You no longer need to spend time guessing color codes or checking your design assets for the code being used. Pick it from existing elements or even images on the page.
Inspecting Elements in Safari
Safari offers the Webkit Inspector for inspecting pages on macOS systems primarily. However, you need to enable the development menu before accessing it.
Open Safari and click Safari from the Menu > Settings > Advanced. Check the box for “Show features for web developers.”
Now you can visit any website and right-click to see the “Inspect element” option available,
You can also use the keyboard shortcut, Cmd+Opt+C, to access the Inspect Element feature.

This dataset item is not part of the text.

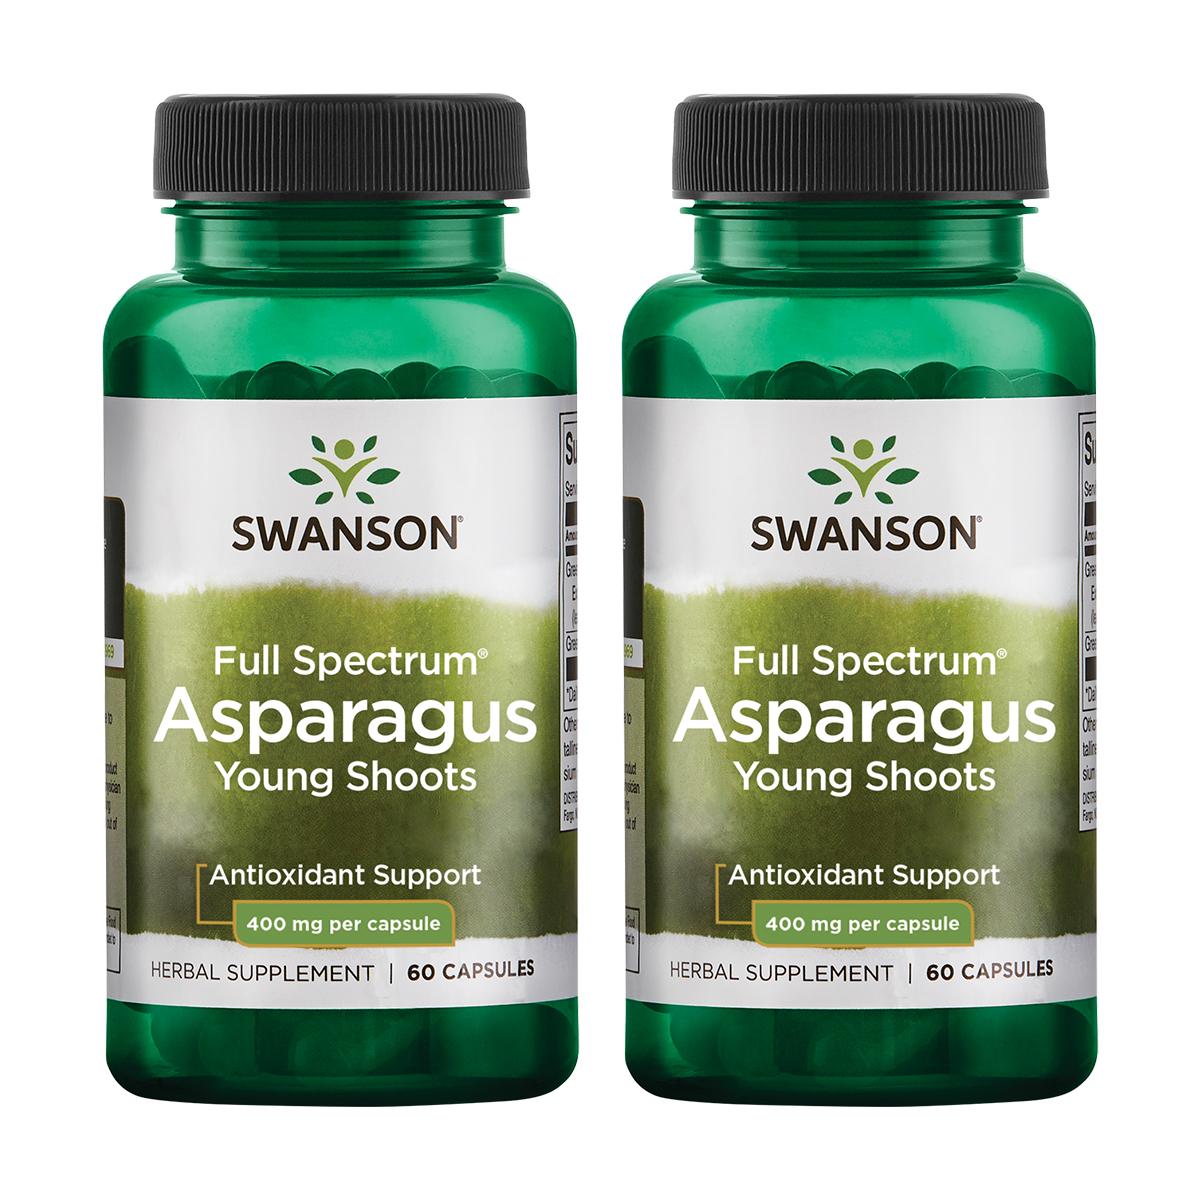 Swanson Premium Full Spectrum Asparagus Young Shoots 2 Pack Supplement Vitamin 400 mg 60 Caps Herbs and Supplements

Timelines And Network Speed
Similar to most other browsers, Safari offers powerful timelines within the Safari Inspector. The resources list helps you instantly identify which files are causing rendering delays and what the reason could be. You can also see what scripts are blocking the page load.
3D View Of Website Layers
If you want to analyze the layers that make up the website, simply go to the Layers tab and you’ll be presented with a full 3D model of all the layers
Ways To Use Inspect Element
Now that we’ve set up inspector tools let’s discuss some practical ways they can be used. Here are just a few common usage examples:
Change Text Or Images
One helpful capability is modifying textual content or image assets directly within the editor. You can tweak headlines, swap logos, anonymize details, and more.
To edit any text or images, inspect the element you want to change first, then double-click within its bounds in the code editor to make the content editable.

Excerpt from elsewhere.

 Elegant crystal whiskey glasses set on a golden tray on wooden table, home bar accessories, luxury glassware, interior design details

Input anything you want, and press enter to make the changes live (temporarily).
Change Colors, Fonts, And Styling
When inspecting various elements like links, buttons, menus, or galleries — you’ll notice attributes that define associated behavior like href destination URLs, carousel view box data sources, and more.

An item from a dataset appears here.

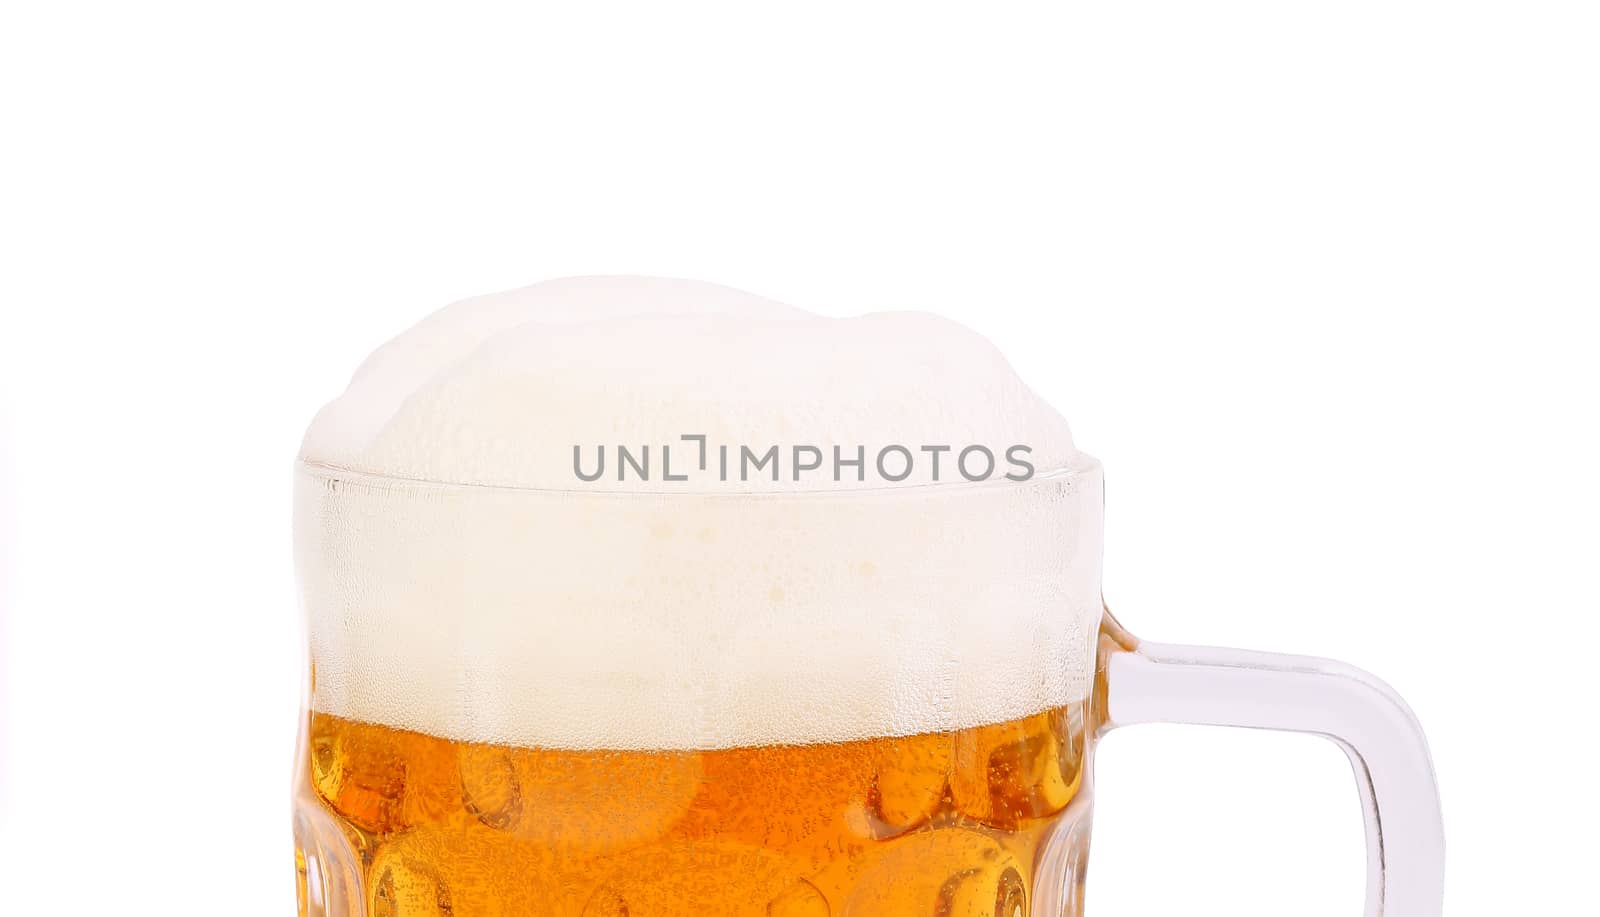 Top froth on the mug of beer isolated on white

Much like editing textual content and CSS properties and style sheets, these HTML-level traits can be manipulated directly within Inspector.
The DOM updates these changes on the spot. So you can immediately see how the changes reshape component functionality without coding:
Modify the href of links and buttons to redirect clicks elsewhere temporarily.
Adjust tab role and aria tags to test accessibility improvements.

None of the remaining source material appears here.